Габриеля выдал храп, доносившийся из котлована. Майлах разбудил его тычком совковой лопаты по заднице. Пуэрториканец осоловевшими глазами смотрел на окружающий мир, пытаясь восстановить действительность. Потом неловко начал карабкаться вверх. Несколько раз скатывался обратно. Бандана слетела с головы. Все удивились тому, что латиноамериканец оказался абсолютно лыс. Лыс, как электрическая лампочка. После десятиминутной борьбы нетрезвого человека с земным притяжением, Габи, все же, выкарабкался. Он смотрел на большого еврея пьяными раскосыми глазенками, слегка покачивался, глупо и блаженно улыбался. Неожиданно и как-то довольно резво полез к Майлаху с объятиями. Огромный хасид, вытаращив и без того безразмерные глаза, попятился назад. Габриель, все же, настиг свою цель уже на краю котлована. Обнял хозяина, уткнулся ему лысиной в нечесаную рыжую бороду и тихо проскулил такое родное русское:

– Do you respect me, boss?

Ну, вот откуда это берется? Скажите мне…


За год работы на стройке я довольно крепко сдружился со своими собратьями по кайлу и лопате. Особенно с Джоуи. Я даже по доброй советской традиции помогал гарлемцу переезжать на новую квартиру. Перетаскивал диваны и бытовую технику. Живо участвовал в расстановке мебели.

Пришло время возвращаться в Россию. Начинался мой последний рабочий день. Мне, воспитанному в духе единства, равенства и братства захотелось что-то оставить о себе на память этому смешному и крепкому негритенку. Ну, какой-то подарок. Бывают у меня такие сопливо-сентиментальные порывы. Говорю ему, чего тебе подарить, мой афроамериканский товарищ? Афроамериканский товарищ пожелал иметь на светлую память обо мне тоненькую цепочку из советского золота пятьсот восемьдесят пятой пробы, которая сиротливо болталась на моей одуванчиковой шее. Негры любят золото.
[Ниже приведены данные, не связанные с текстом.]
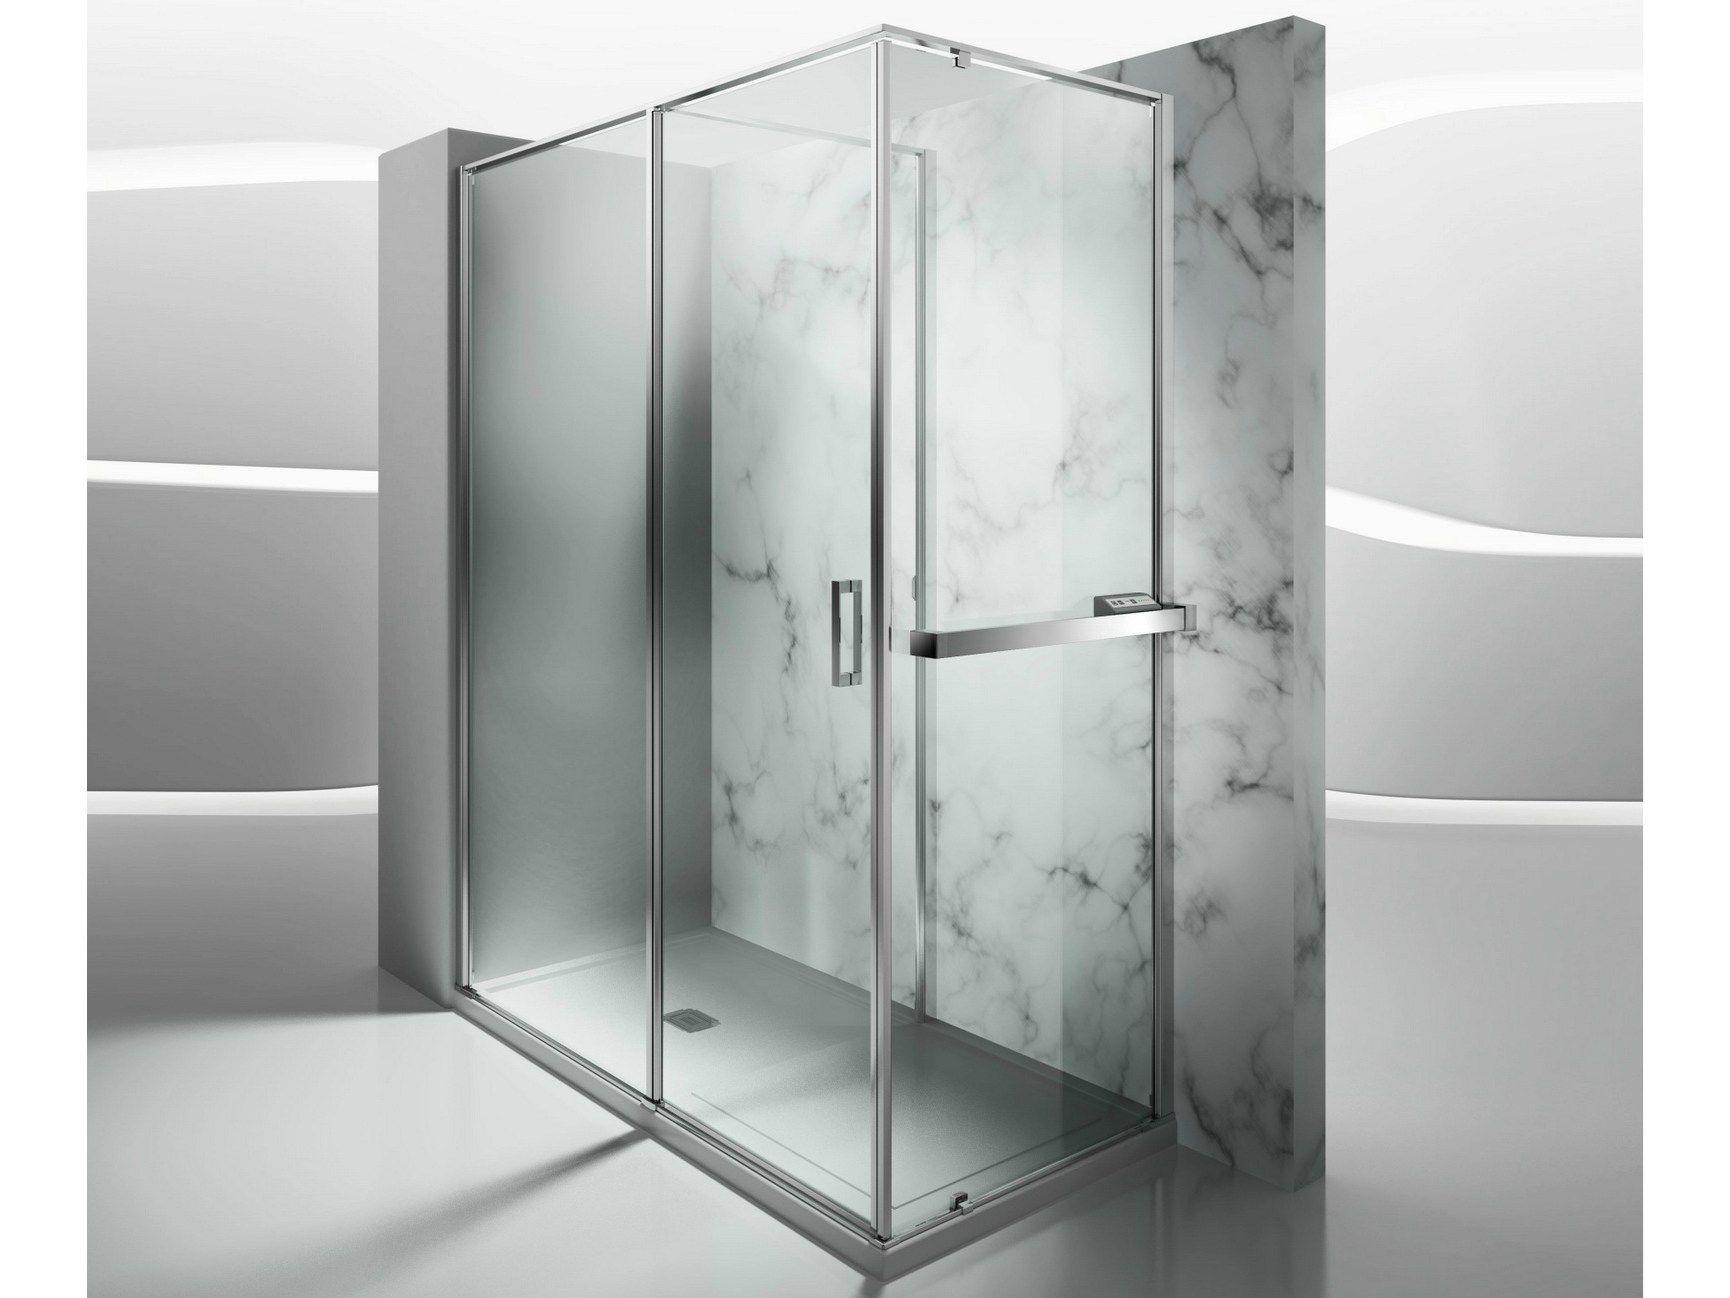 Paroi de douche chauffante sur mesure en verre tremp for Parois de douche en verre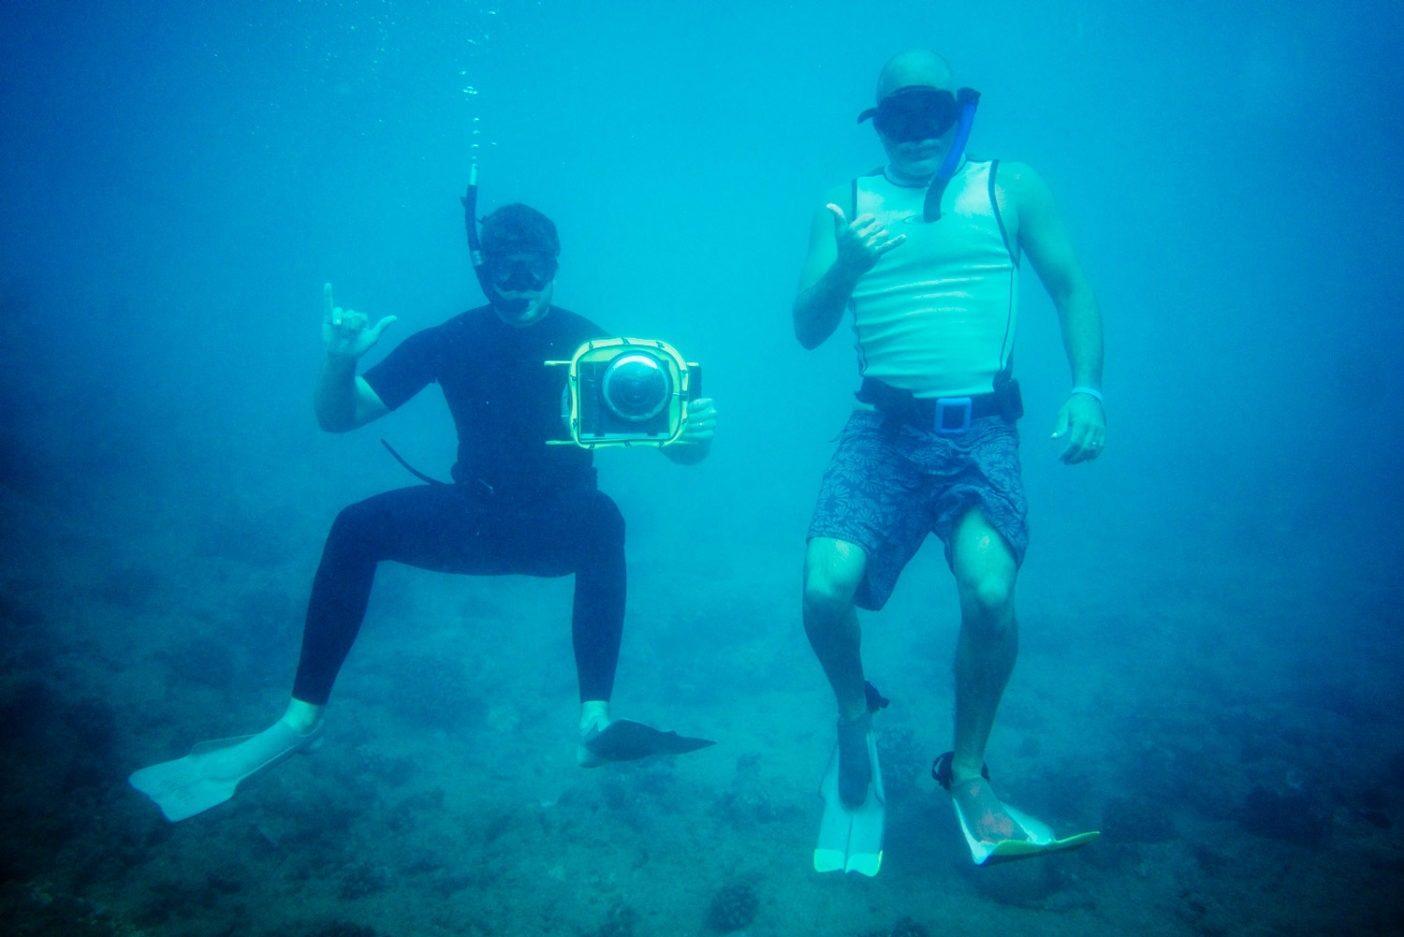 モロカイ沿岸でカメラ撮影のタグチームを成すアンドリュー・ショーンバーガーとデイヴ・ホムシー。Photo: Donnie Hedden

А уж советское золото точно сошло бы в Гарлеме за эксклюзив. Я тут же торжественно, чуть ли не со слезой, перевесил цепочку со своей тонкой шеи на крепкую черную шею американца. Джоуи выдал в ответ свое негритянское алаверды.

Мое желание было весьма прозаичным. Я хотел на память джинсовую рубашку «Wrangler» с длинным рукавом, как у Ванн Дама в «Кровавом спорте». Джоуи не менее торжественно пообещал после работы вместе со мной поехать в магазин для приобретения столь модного предмета гардероба. Я уже представлял себя, щеголяющим в новенькой джинсовой рубашке по улице Ленина родного города.


Джоуи убежал с работы за полчаса до ее окончания. Он знал, что у меня завтра утром самолет. Больше мы с ним не виделись. Никогда. Вот такая вот дружба по-американски. Ценой в тридцать пять долларов.


***


Но все это будет потом, а пока Алена знакомила меня с квартирой. Показала место моей дислокации. Мне предназначалась родительская спальня. В первую же ночь под подушкой я обнаружил изделие №2 баковского завода резиновых изделий. Оно было, к счастью, не использованным. Основательно же наши люди готовились к переезду, подумал я, уныло рассматривая тусклую и затертую упаковку советского гондона. Два года как они жили в Америке, а все еще предохранялись с помощью грубой советской резины. Или частота сношений мизерная, или они вывезли с собой весь презервативный запас маленького украинского городка (мои родители, живущие теперь в Израиле, рассказывают, что у них есть друзья, которые до сих пор еще используют советские электрические лампочки. И это после восемнадцати лет пребывания в эмиграции!).

Так вот. Опочивальня была крошечной – с трудом вмещалась двуспальная кровать, тумбочка с миниатюрным черно-белым телевизором на ней и еще выкрашенный белой краской шкаф. Всё.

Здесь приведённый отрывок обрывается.